The main difference between all the mainstream async executors and our one is the entire nginx doing its work behind the scenes. It's not a simple event loop like libevent, libuv or mio, it's a complete, complex server application that accepts connections, handles errors, and can decide to drop our async task context without a notification, before we even have a chance to handle this gracefully.
Deferred wakeup can be processed when it's no longer safe to access the event context or when the underlying IO object state has already changed, and it is not a theoretical issue. It is my experience from building async connection wrapper for nginx-acme, which includes some interesting, rare and really hard to debug crashes.

If we have to respect the undocumented Waker invariant, as an nginx developer, I no longer believe it is possible to build a safe async abstraction over the nginx event loop.

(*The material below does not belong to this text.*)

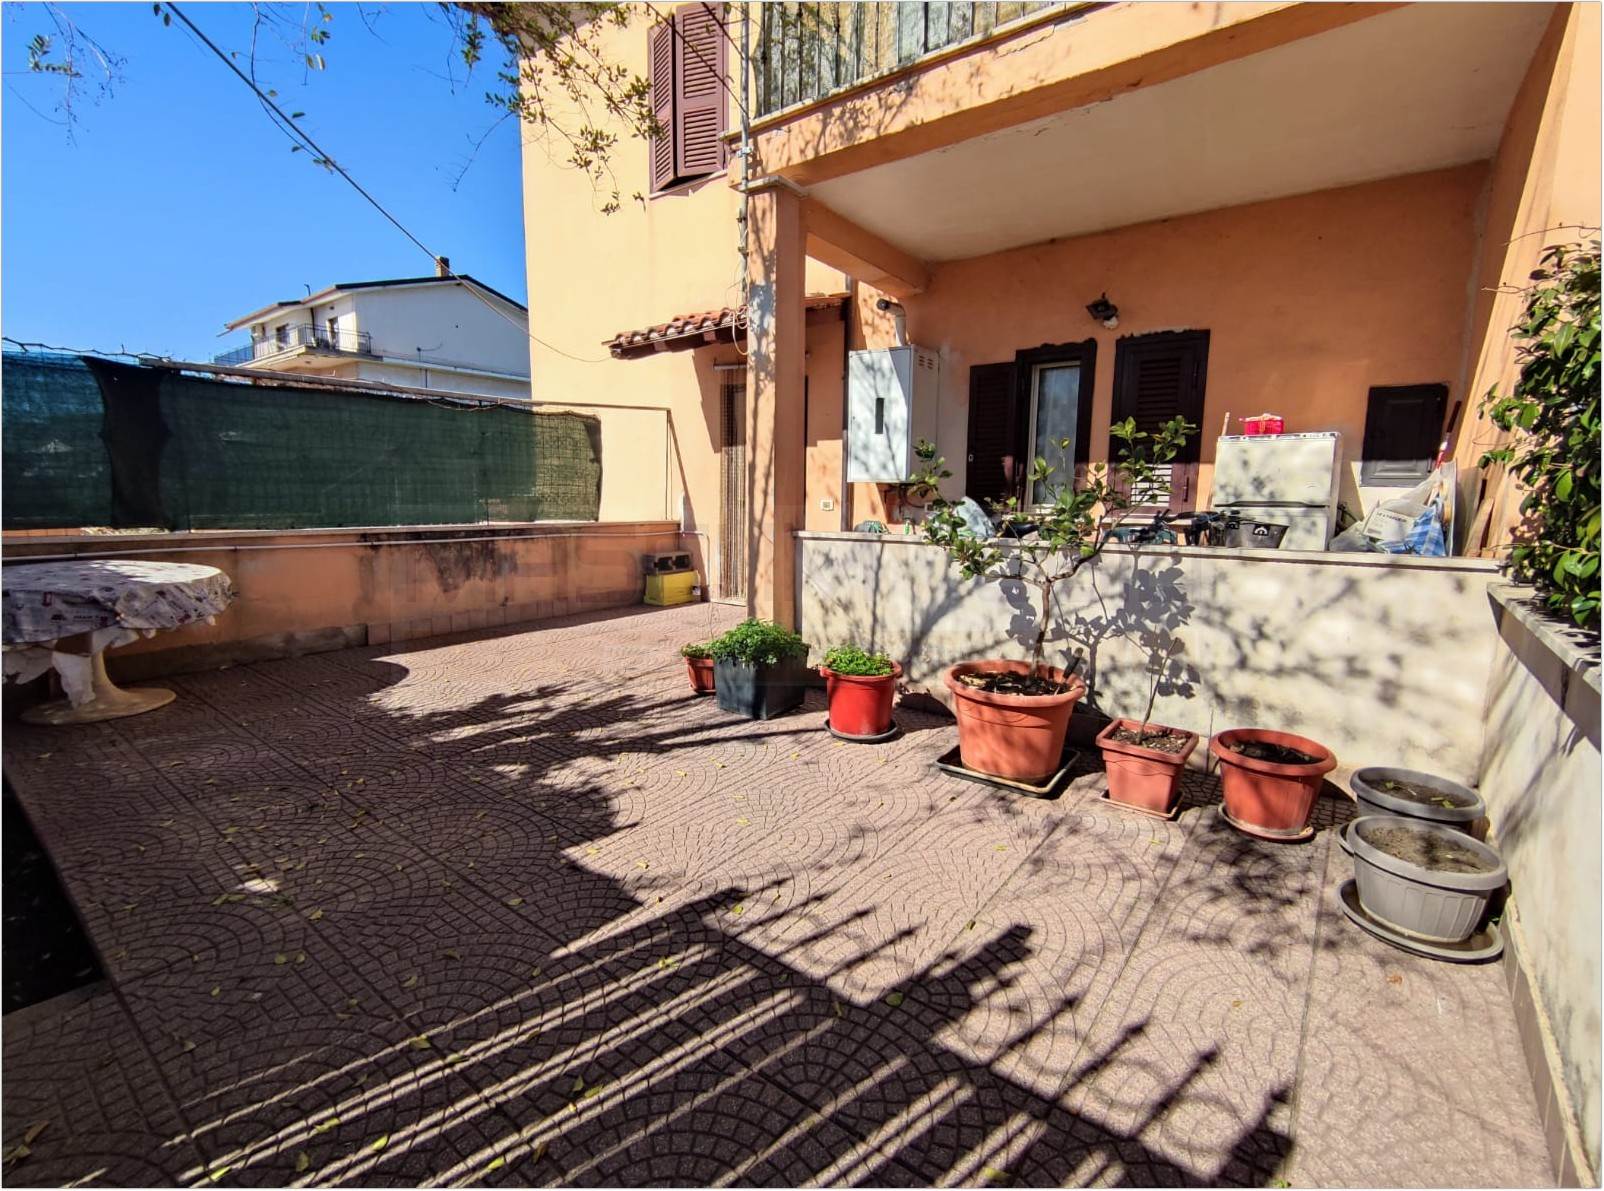 Appartamento in vendita a Fiano Romano, 3 locali, prezzo € 95.000 | PortaleAgenzieImmobiliari.it

We'll need to drop everything we currently have, and likely return to the approach of running tokio as a sidecar. I'd prefer to find an approach that does not require such drastic measures.

There are some less important issues, such as always queuing events to the ngx_posted_next_events and thus waking up the event loop immediately and eliminating idle wait, but that's just a non-critical performance stuff.


Interestingly enough, a similar deadlock was reported to h2 in 2021. It was stated directly that there's a problem in h2, but the change in tokio that caused the task to be shutdown too early got reverted, and nobody bothered to fix h2.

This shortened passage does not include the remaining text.